SSPX: TLM has gone from an animal sanctuary to the zoo, where it’s targeted for extinction

The Society has yet to issue its own official statement in response to the motu proprio, but has published an article giving its “initial thoughts” on the document. Pope Francis’ document “illustrates the precariousness of the current magisterium,” wrote the SSPX.

Nor was the Society sparing in its summary of Traditionis Custodes: “Everything, or just about everything in Summorum pontificum, is scattered, abandoned, or destroyed.”

The article contrasted the Pope’s defense of ecological issues, such as “an endangered animal or plant species,” while he also “promulgates the extinction of those who are attached to the immemorial rite of the Holy Mass.”

“While Francis defends an endangered animal or plant species, he decides and promulgates the extinction of those who are attached to the immemorial rite of the Holy Mass,” the SSPX wrote.

Paraphrasing the Pope’s attitude to the Latin Mass, the SSPX wrote: “This species no longer has the right to live: it must disappear. And all means will be used to achieve this result.”

The Society’s tone is far more free than that of the Fraternity, describing how the traditional liturgy has been relegated from a “reservation” or sanctuary-style system under Summorum Pontificum to a “zoo regime,” where such ancient liturgical celebrations are in “cages, narrowly circumscribed and demarcated.” The zoo keepers of these Masses, or “jailers,” are “none other than the bishops themselves.”

Each aspect of the motu proprio is broken down and analyzed in detail, availing of zoological terminology.

Describing Article 3, §6 of the motu proprio, which prohibits diocesan bishops from allowing new traditional groups to spring up, the SSPX writes: “This measure is akin to sterilization: it is forbidden to reproduce and perpetuate these savages of the past who must disappear.”
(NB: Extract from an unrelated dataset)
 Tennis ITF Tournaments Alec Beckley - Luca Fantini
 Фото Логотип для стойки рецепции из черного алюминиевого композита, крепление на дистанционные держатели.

As for the permission now required for priests to say the Latin Mass, the SSPX states “if it is a question of restraining, reducing, or even destroying groups, the bishops have carte blanche, but if it there is a need to grant authorization, the pope does not trust them: it is necessary to go through Rome.”

Vatican II is compared to a vaccine used to inoculate the faithful against the Latin Mass, which the SSPX paraphrased as being a “virus”: “Carried away by his enthusiasm, the pope almost comes to the point of saying that it is the Old Mass which is a dangerous virus that must be defended against.”

Pope Francis’s accompanying letter has been described by some online as being “worse than [Traditionis Custodes] itself.” Referring to this letter and the motu proprio, the SSPX summarizes that the two documents give “impression of sectarianism coupled with an overt abuse of power.”

The article echoed the words of Dr. Kwasniewski, describing the motu proprio as being without “legitimacy,” and “not a law of the Church,” since “a law against the common good is no valid law.”

Such “angry proponents” of the “liturgical reform” are marked by “resentment” against the traditional liturgy, wrote the SSPX, and hence such people “cannot take” the “success” of the traditional liturgy.

“The fact remains that this motu proprio, which will sooner or later end in the oblivion of the history of the Church, is not good news in itself,” closes the Society’s article. “It marks an abrupt end in the reappropriation of its Tradition by the Church, and it will delay the end of the crisis which has already been going on for more than sixty years.”